| TASK ITEM |
From the data below, set down exactly the lines between the one holding "Un taxi a Londres modifié façon Rolls Royce" and the one holding "Bola Nike Paris", inclusive, and no others.

| TASK INPUT |
====

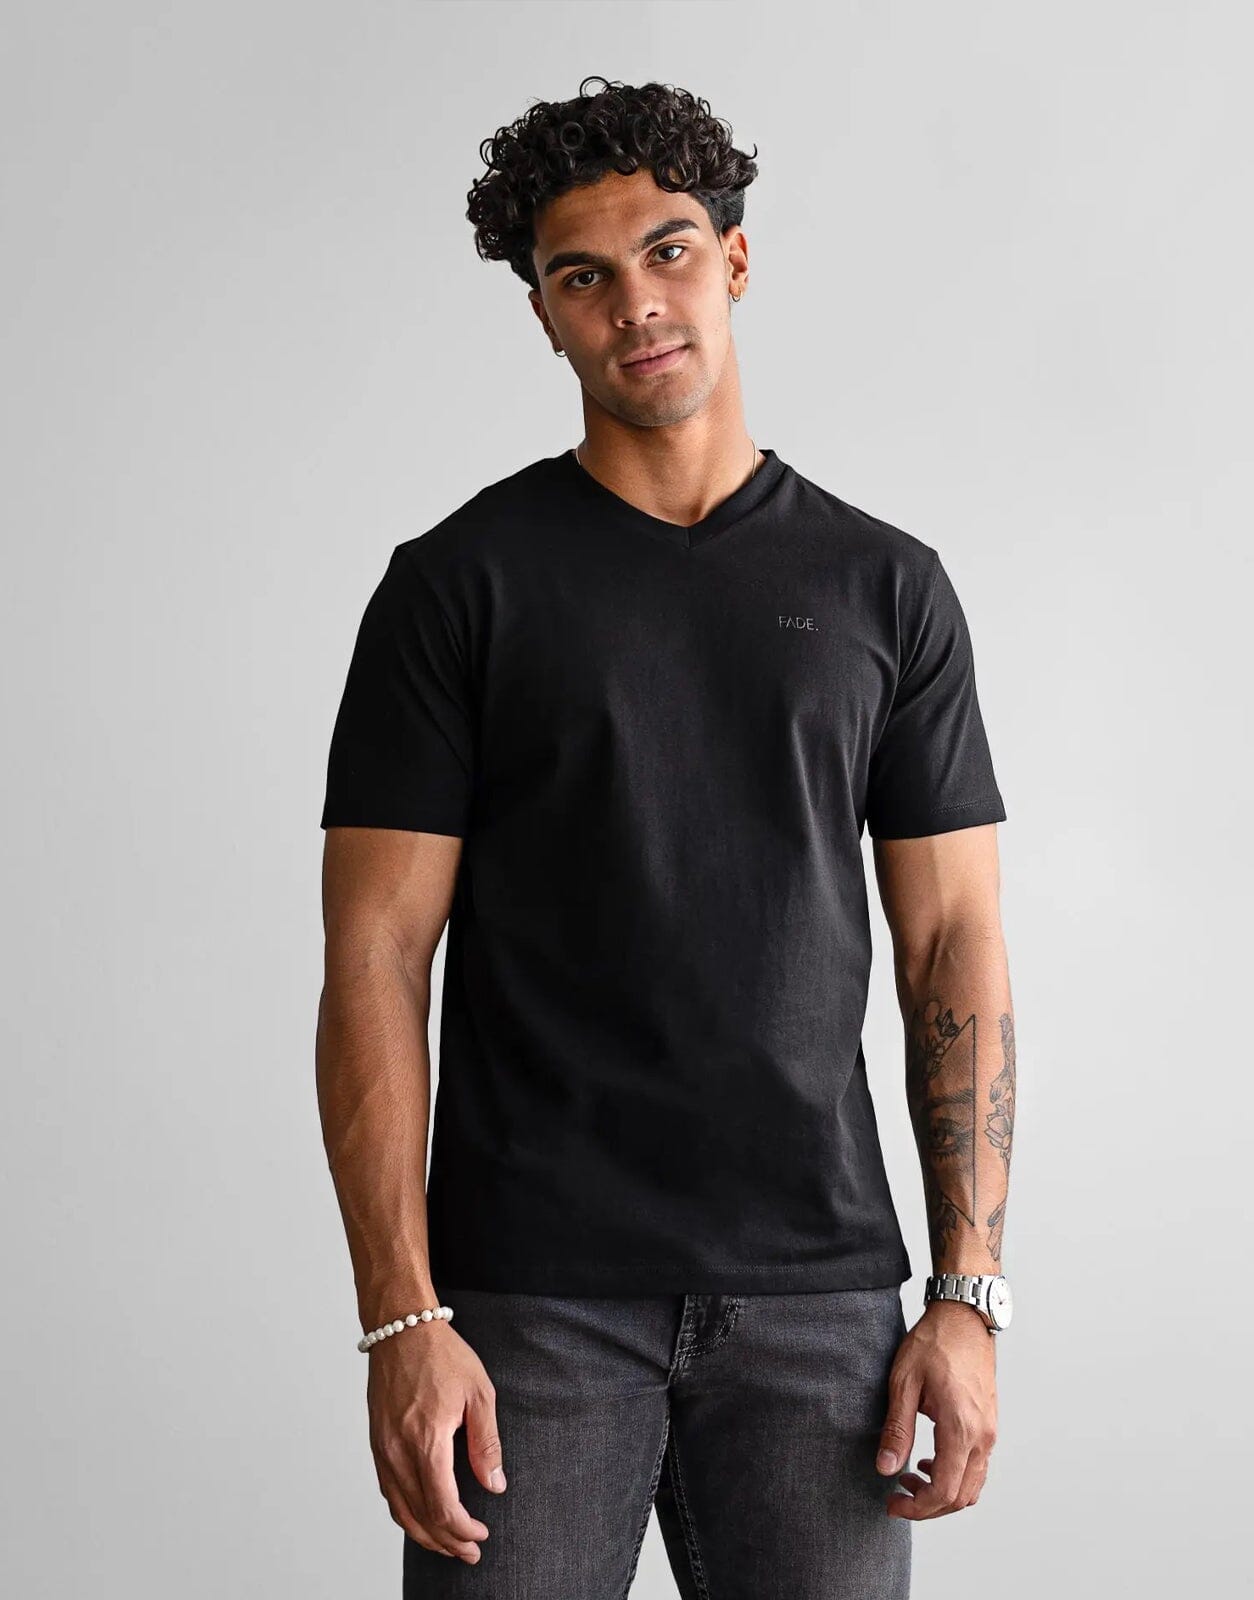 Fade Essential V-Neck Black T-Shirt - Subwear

====

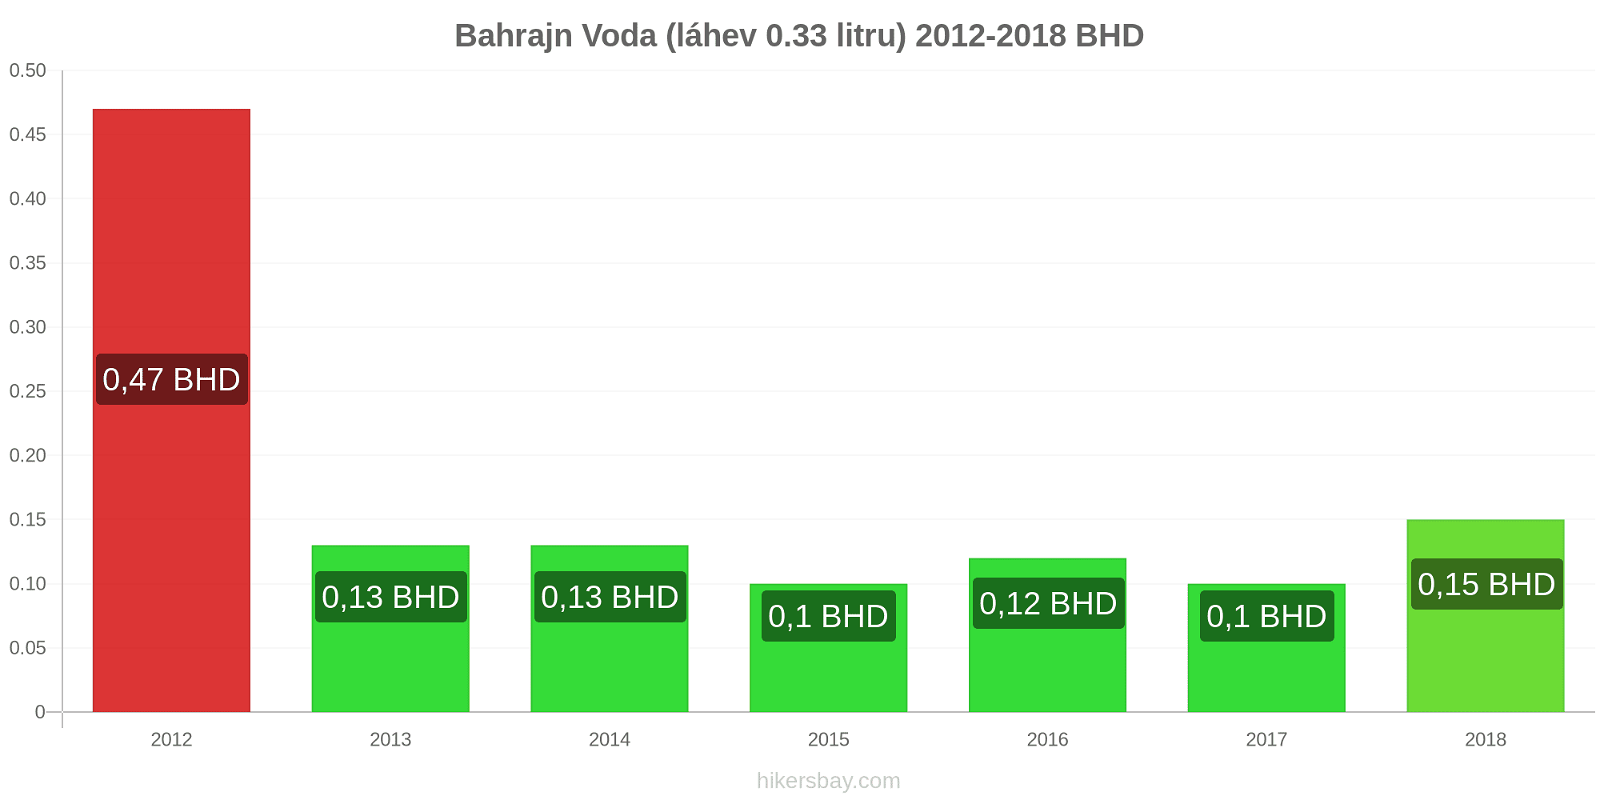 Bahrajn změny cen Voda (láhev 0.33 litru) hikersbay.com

====

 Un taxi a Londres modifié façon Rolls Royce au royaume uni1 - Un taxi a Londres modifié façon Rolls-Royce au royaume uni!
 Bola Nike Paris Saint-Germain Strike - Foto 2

====

| YOUR SOLUTION |
 Un taxi a Londres modifié façon Rolls Royce au royaume uni1 - Un taxi a Londres modifié façon Rolls-Royce au royaume uni!
 Bola Nike Paris Saint-Germain Strike - Foto 2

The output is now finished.